Community science data can be tricky to analyze because it is not as well-structured as other types of scientific data. For example, people probably collected bird observations differently in the initial days of CBC than they do today. If scientists used such raw data as-is, they might bias the findings. So they sieve through the data, aggregate it over time, and throw out the parts that they cannot use, like Saunders had to with bird count data prior to the 1930s. But the model used in this study accounts for such differences, Tingley says. “They have tried to coarsen the data in order to make it usable.”
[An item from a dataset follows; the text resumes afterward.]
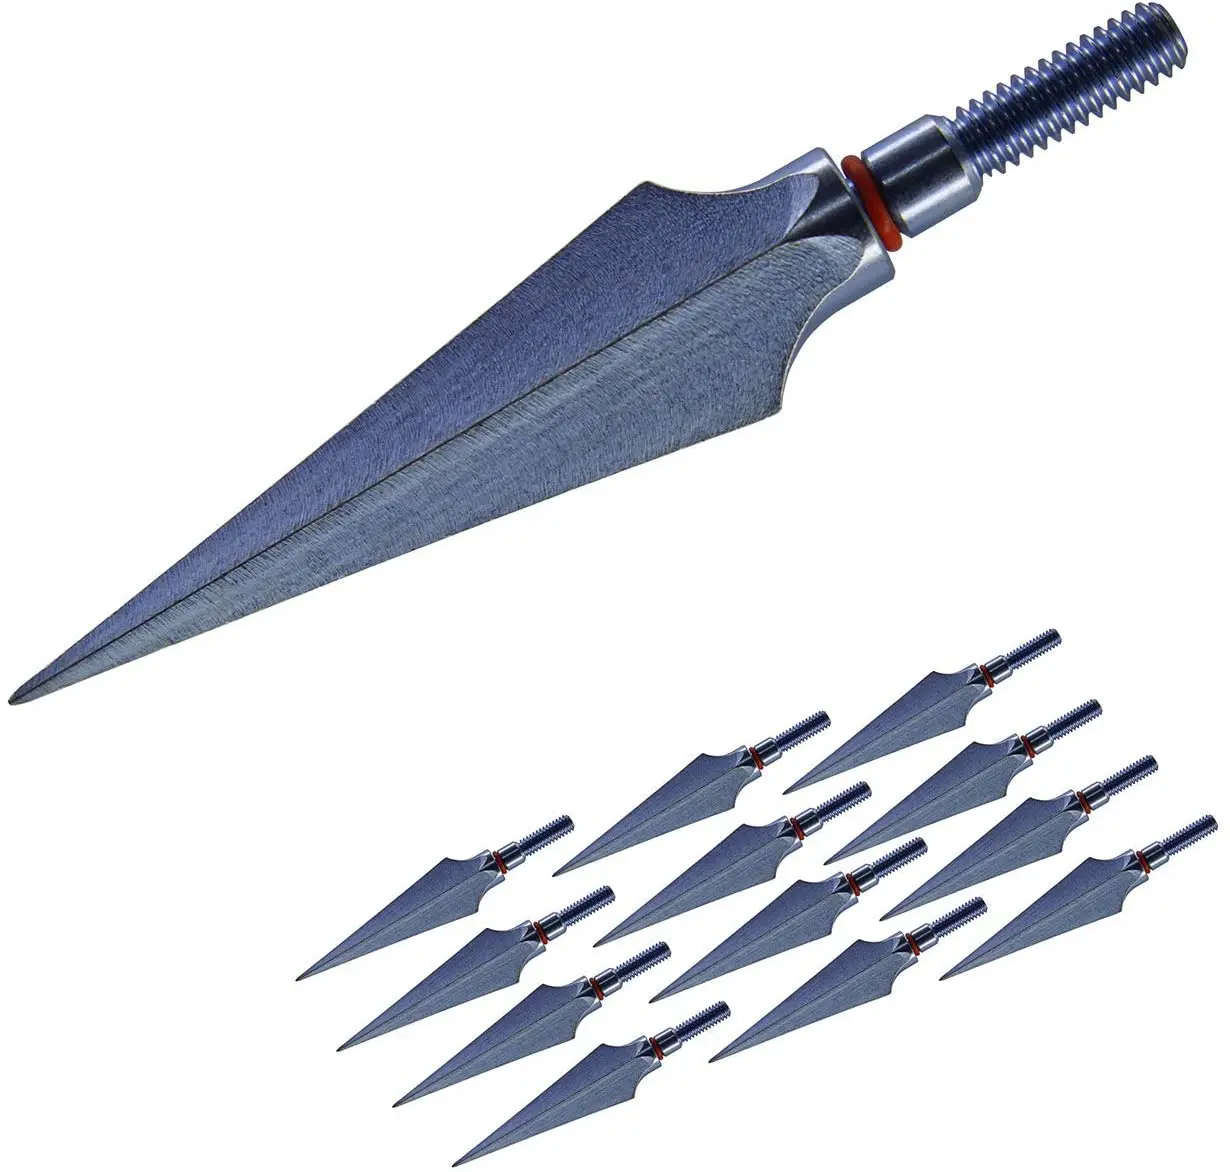 150Grain Archery Field Points Target Practice Broadheads for Bow Hunting 12 pack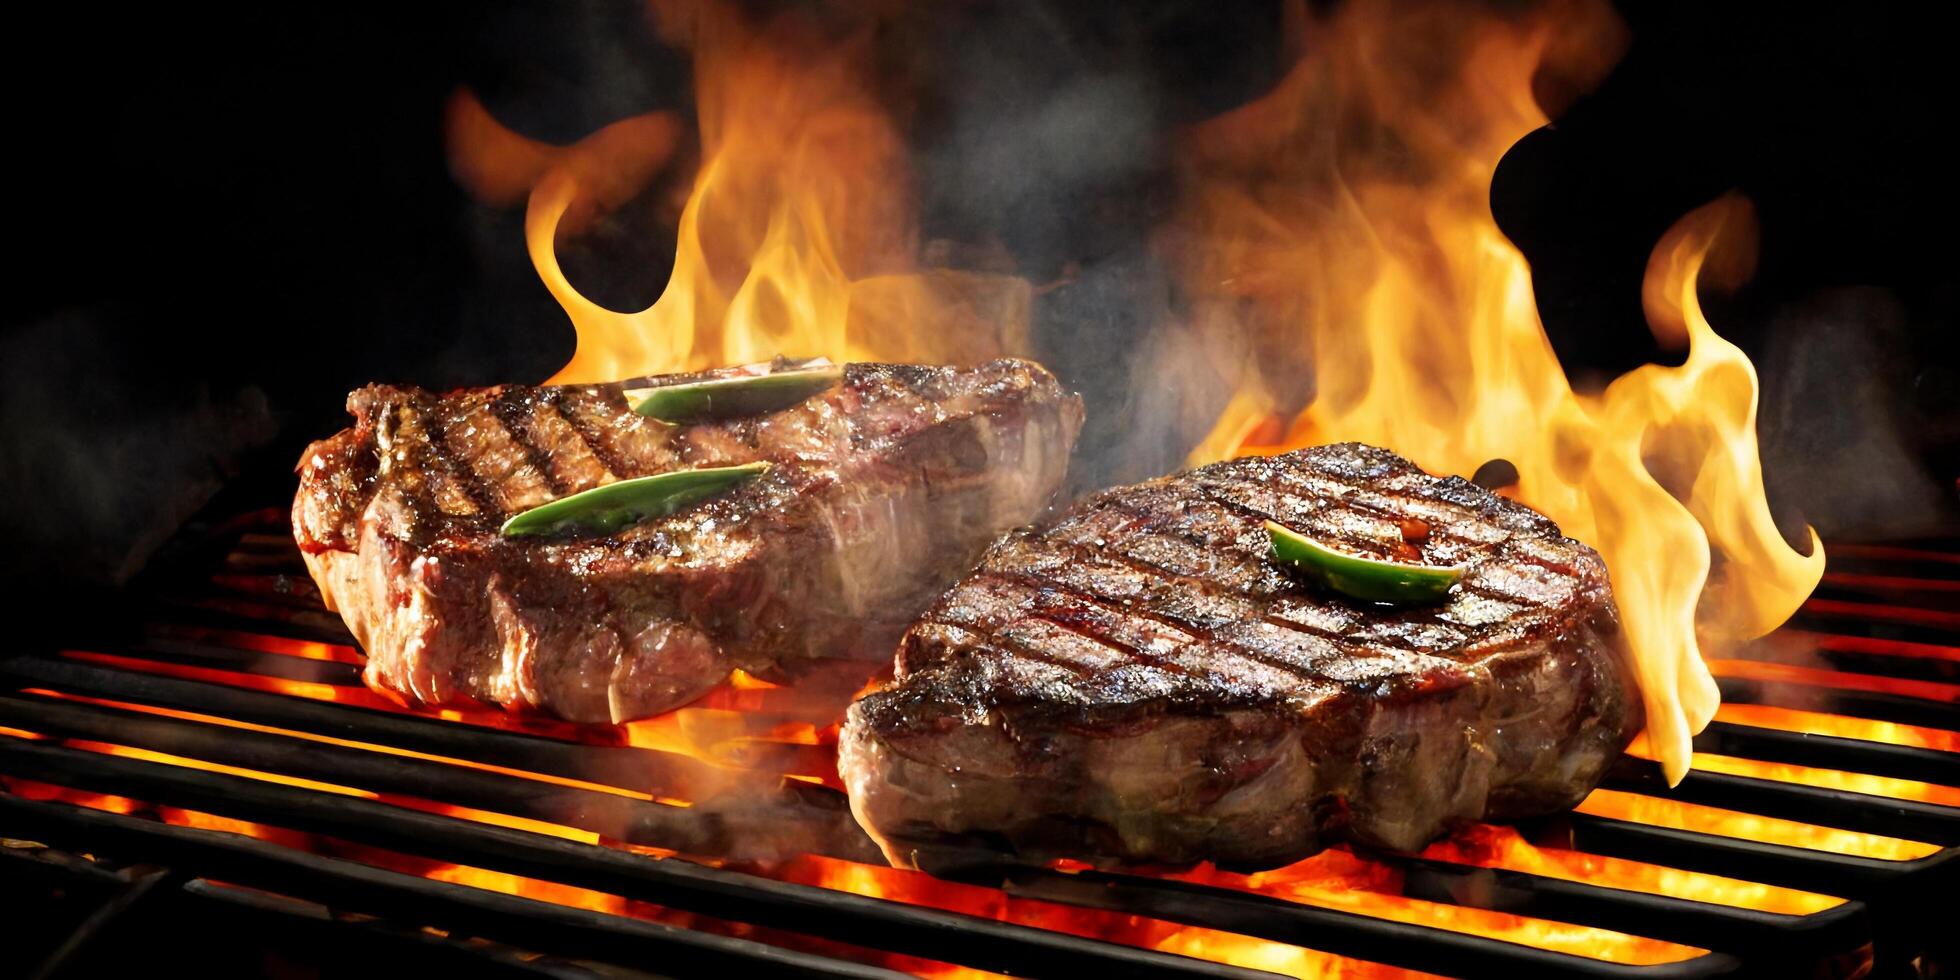 The grilled steak on the grill with frame and . photo

For conservationists, there are some bright spots from the findings. Mitigating climate change can indeed benefit all birds. However, knowing that land-use change has a greater impact on habitat-specific birds is a crucial insight. "Also working on habitat loss and habitat change is probably going to be more effective than trying to solely consider climate change," Tingley says. Saunders believes that trying to increase funding for such restoration programs is essential.
Overall the study shows the value of participating in community science efforts like the CBC. The first CBC participants couldn’t have fathomed that their field notes could one day drive tangible conservation policies. “Data collected by volunteers once a year turns out to be really valuable when you multiply it by 90,” Betts says. “I just think that's really cool.”